I think you do something wrong.
Correct ! :D
nevcairiel
1st April 2011, 20:48
I'm looking forward for VP4 and Intel benchmark results, too.
Where are you guys ? :)
Due to stupid HotFiles limitations, i only have some clips so far.
This is VP4 on the 270.51 driver (GTX 570 - but all VP4 chips should run the same speed, its not dependent on the clock domain of the main GPU)
CoreAVC 2.5.1 crashed the driver in DXVA mode, so only CUDA tested.
1. Twinpeaks
MS MFT DXVA - 79/88/104
MS DS DXVA - 81/84/86
MPC-HC DXVA - 81/84/86
CoreAVC 2.5.1 CUDA - 67/70/72
LAV CUVID - 78/81/84
3. Basketball
MS MFT DXVA - ---
MS DS DXVA - 74/82/103
MPC-HC DXVA - 69/82/99
CoreAVC 2.5.1 CUDA - 75/84/106
LAV CUVID - 71/84/106
5. Birds
MS MFT DXVA - 62/75/87
MS DS DXVA - 70/77/84
MPC-HC DXVA - 70/77/85
CoreAVC 2.5.1 CUDA - 55/61/67
LAV CUVID - 68/77/85
Let me take the opportunity to question the results of your MS MFT DXVA test on the Birds sample, its just not in line with any other results.
I think its also interesting that my totally unoptimized decoder (in a unoptimized debug build, too!) is faster then CoreAVC CUDA in some samples, although they should be using the same decode engine.
Oh, and just for fun, some CPU decoding values using CoreAVC 2.5.1 and ffdshow (using ffmpeg-mt)
This is on a Core i7 2600K in stock (turbo) speeds.
Of course not comparable to your CPU measurements.
Twin Peaks:
CoreAVC - 520 fps
ffdshow - 476 fps
I think the twin peaks sample gives false values because its completly decoded so fast that the fps calculation is probably wrong.
Basketball:
CoreAVC - 459 fps
ffdshow - 473 fps
Birds
CoreAVC - 268 fps
ffdshow - 265 fps
pirlouy
2nd April 2011, 01:04
I'm not trying to convince you on anything, but you have a dedicated co-processor in your system designed to do one thing better than anyone else and you prefer to give that thing to your main processor who has a lot more to do and it is definitely not designed to do that job.
I disagree. :-)
CPU can do everything and all statistics in this thread shows the CPU suffers less than GPU.
It is confirmed in my case. My E8400 decodes 20Mbs without problem (30% CPU) whereas my HD5770 renders jerky videos. Maybe it's a driver problem, but it's a problem I have not using CPU. And I can't use "hardware" decoders, i don't think there are for ATI...
For HTML5 and Flash, it's different, CPU is also used by javascript, css and all other stuff, so it can be helpful to have GPU.

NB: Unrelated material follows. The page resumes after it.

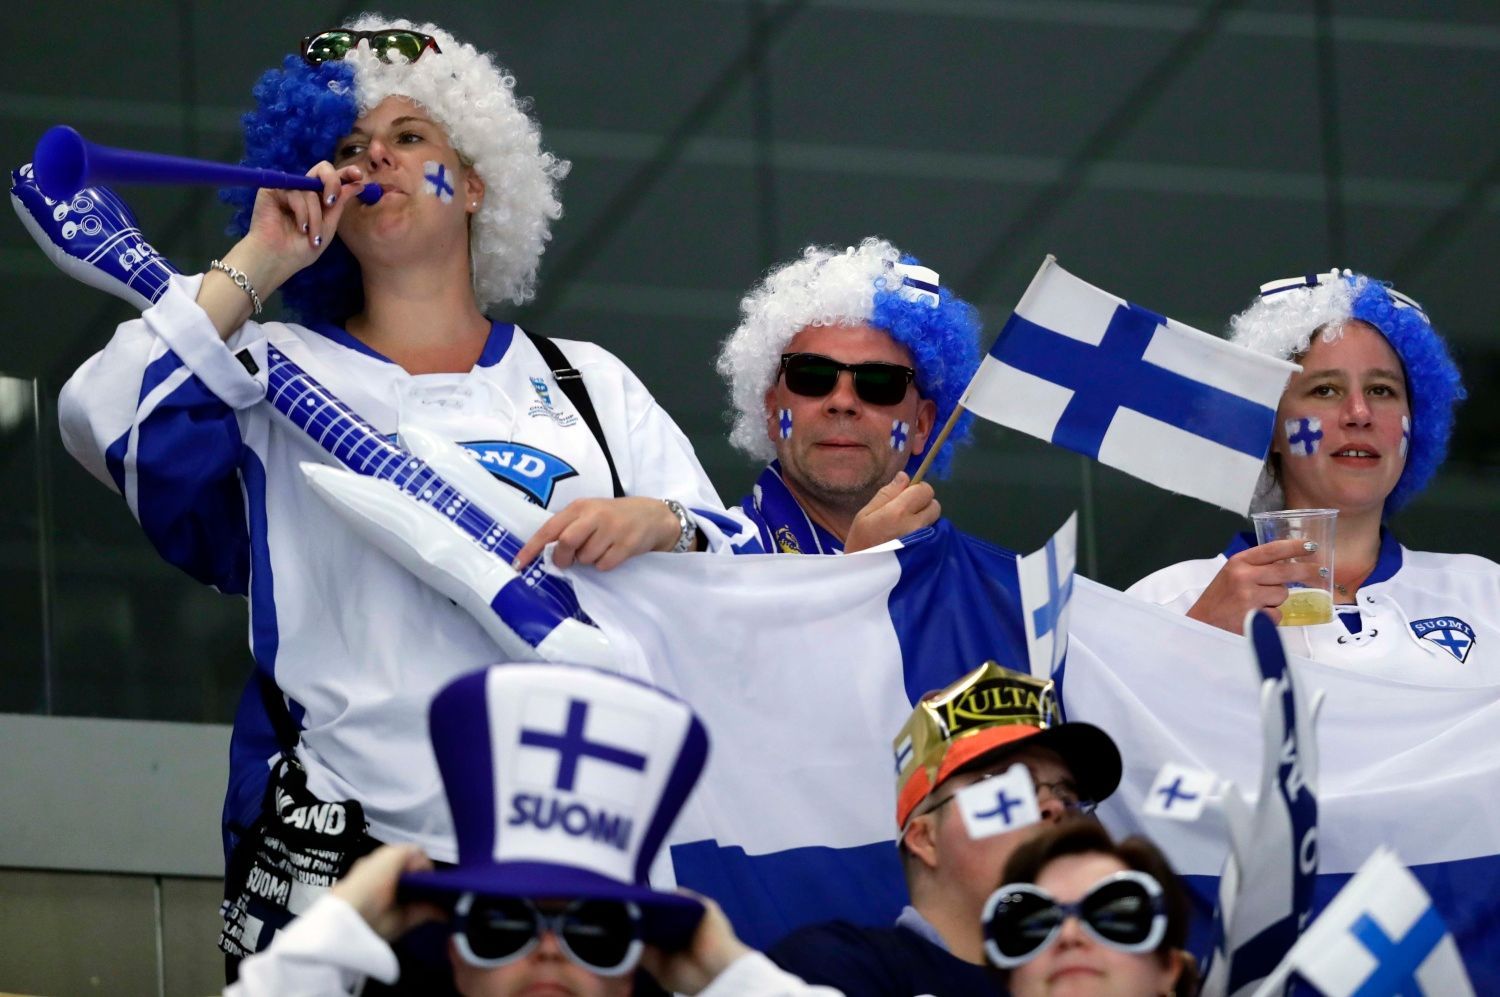 MS 2018, Lotyšsko-Finsko: finští fanoušci

I hope I won't piss you off, but I was not sure I read results correctly, but I think I was correct. Especially with new CPU, if you don't do a lot of post-processing, that's better to use CPU than DXVA.
NikosD
2nd April 2011, 08:50
Let me take the opportunity to question the results of your MS MFT DXVA test on the Birds sample, its just not in line with any other results.

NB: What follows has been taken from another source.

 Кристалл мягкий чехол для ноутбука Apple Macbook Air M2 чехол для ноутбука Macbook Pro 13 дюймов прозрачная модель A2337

You can see an analysis and possible explanation of those strange figures here:
http://forum.doom9.org/showthread.php?t=156660&page=7
Check out the posts of a member named hwti and my comments
NikosD
2nd April 2011, 10:17
Oh, and just for fun, some CPU decoding values using CoreAVC 2.5.1 and ffdshow (using ffmpeg-mt)

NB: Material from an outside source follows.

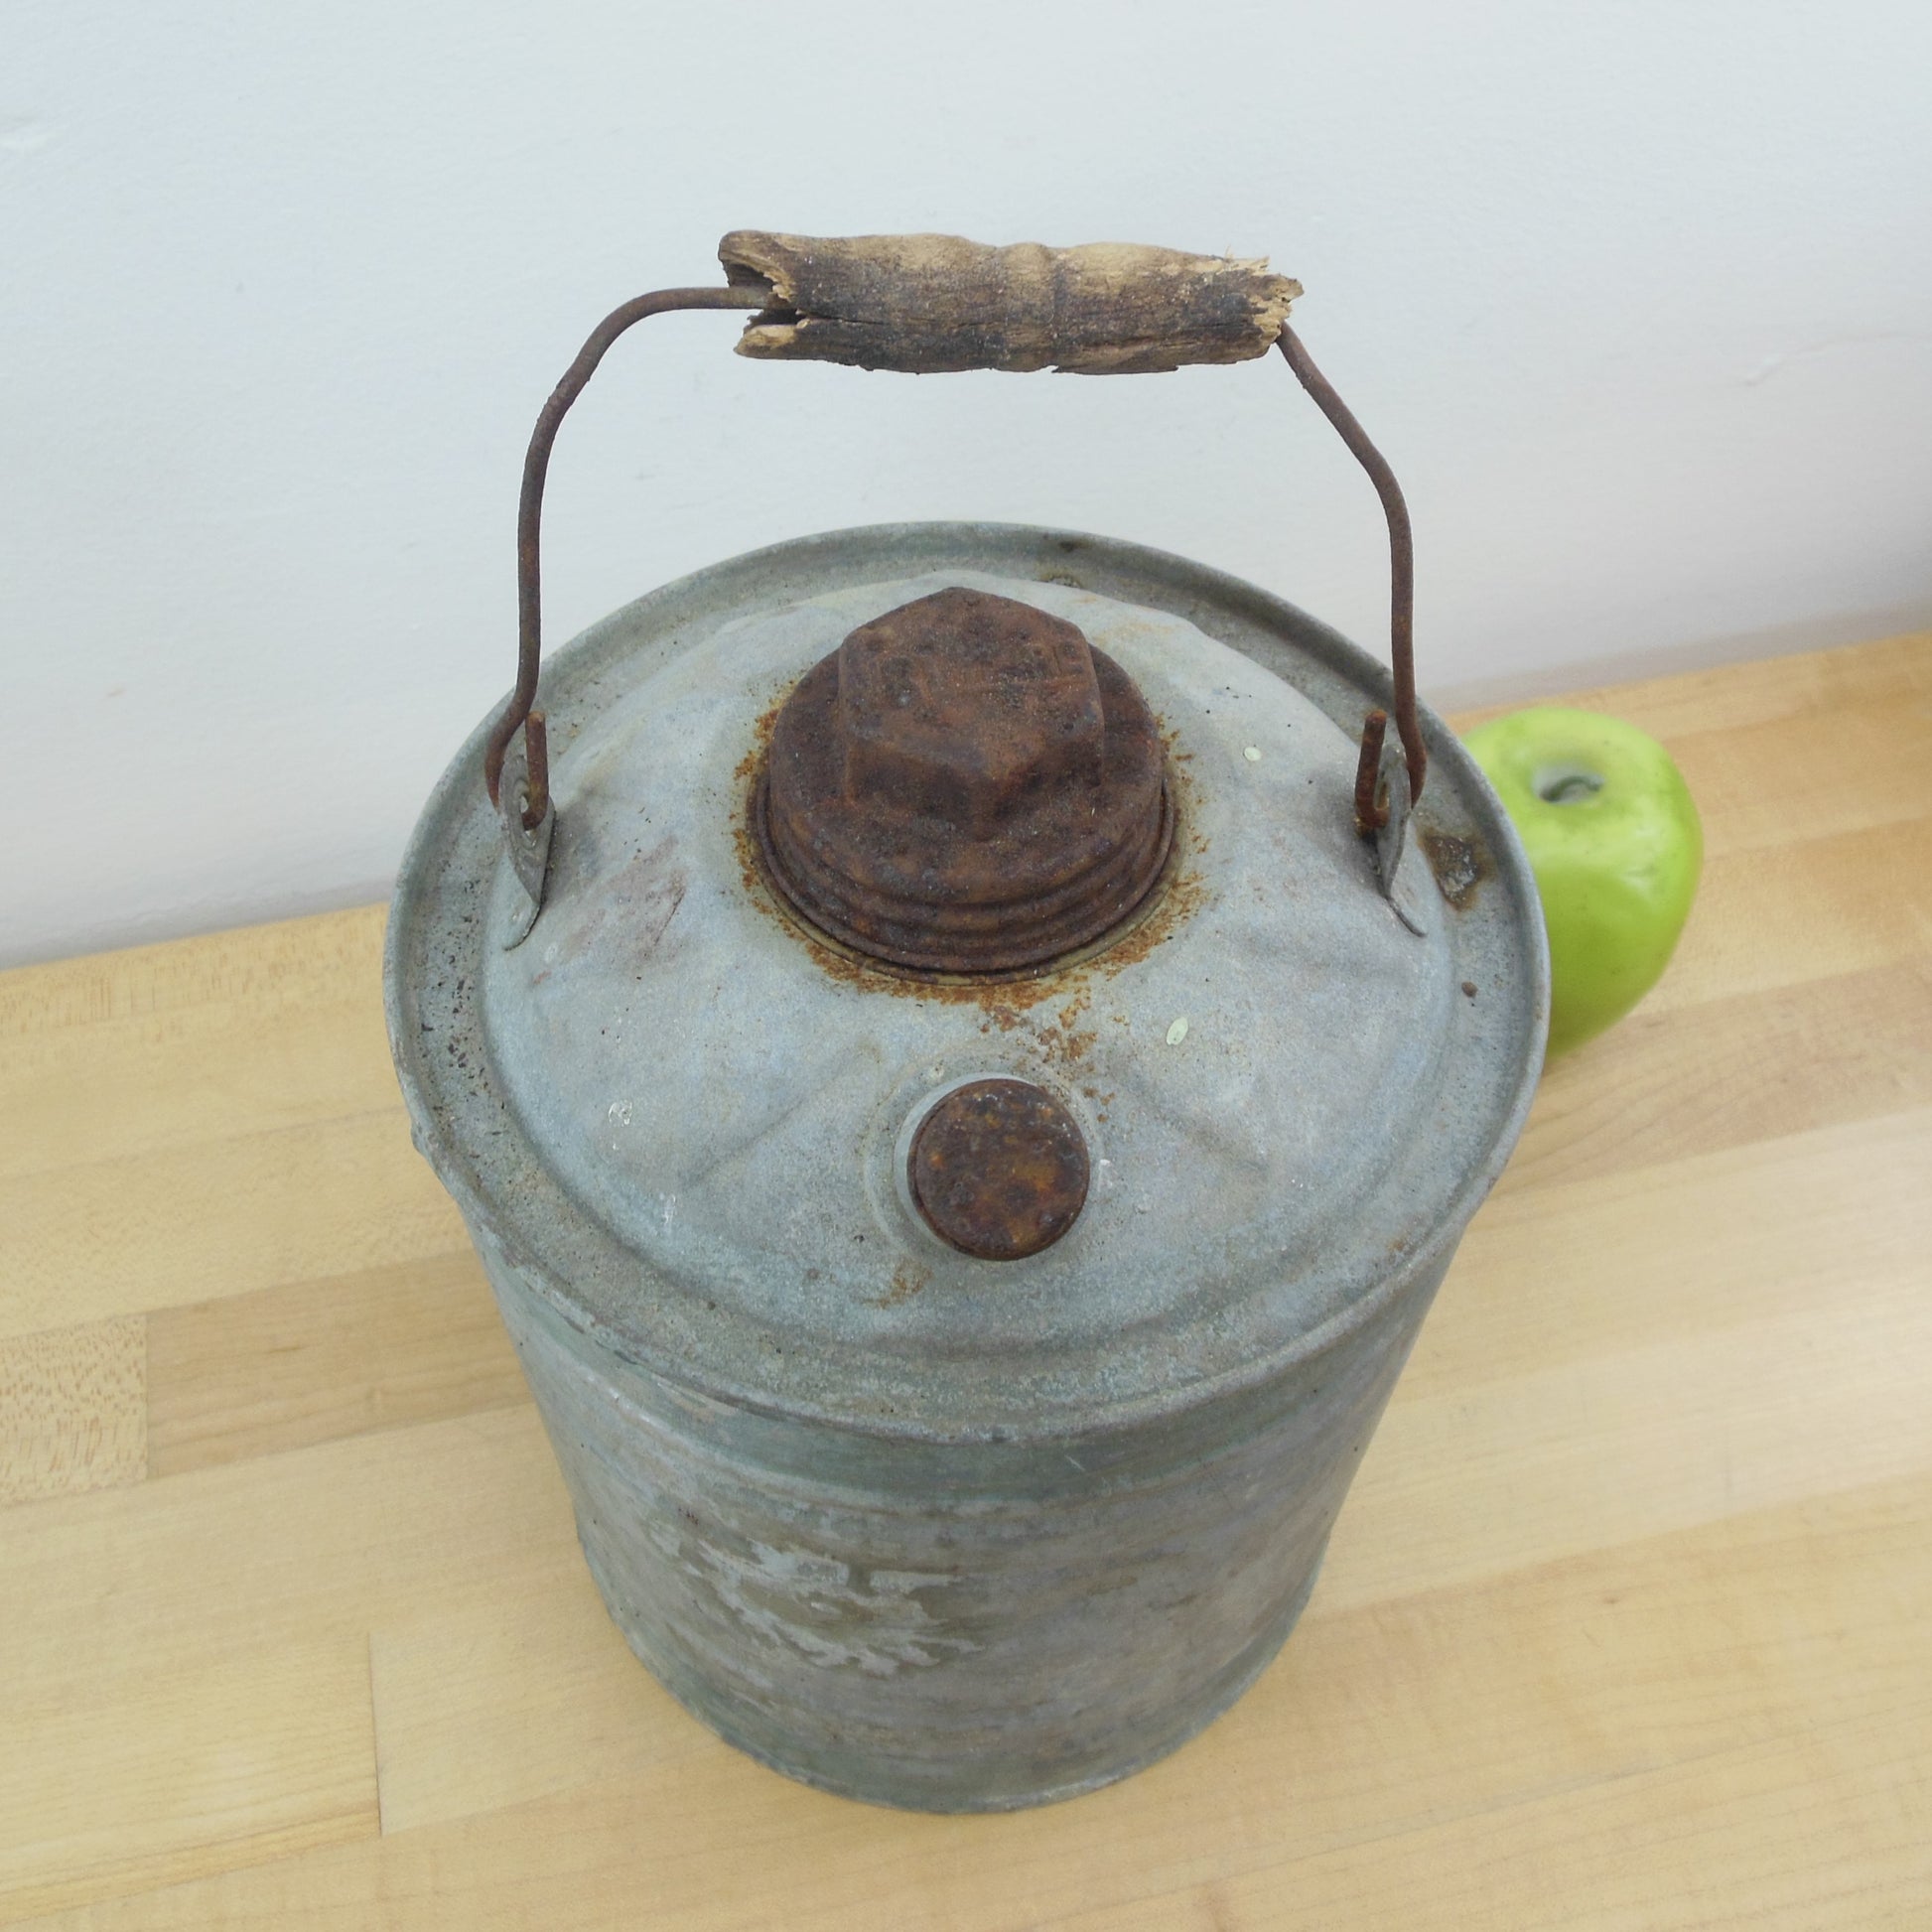 J&L Ware Galvanized Gas Oil Kerosene Fuel Can - Primitive Décor Vintage

This is on a Core i7 2600K in stock (turbo) speeds.
It would be extremely interesting to post some benchmark results of Intel Clear Video HD hardware.
I've seen really big numbers using Quick Sync in decoding - encoding (transcoding) applications.
nevcairiel
2nd April 2011, 10:34
I have a P67 board, i cannot use the integrated GPU.
In any case, Quick Sync is only for encoding, the decode engine is probably not significantly faster then previous generations of ClearVideo HD.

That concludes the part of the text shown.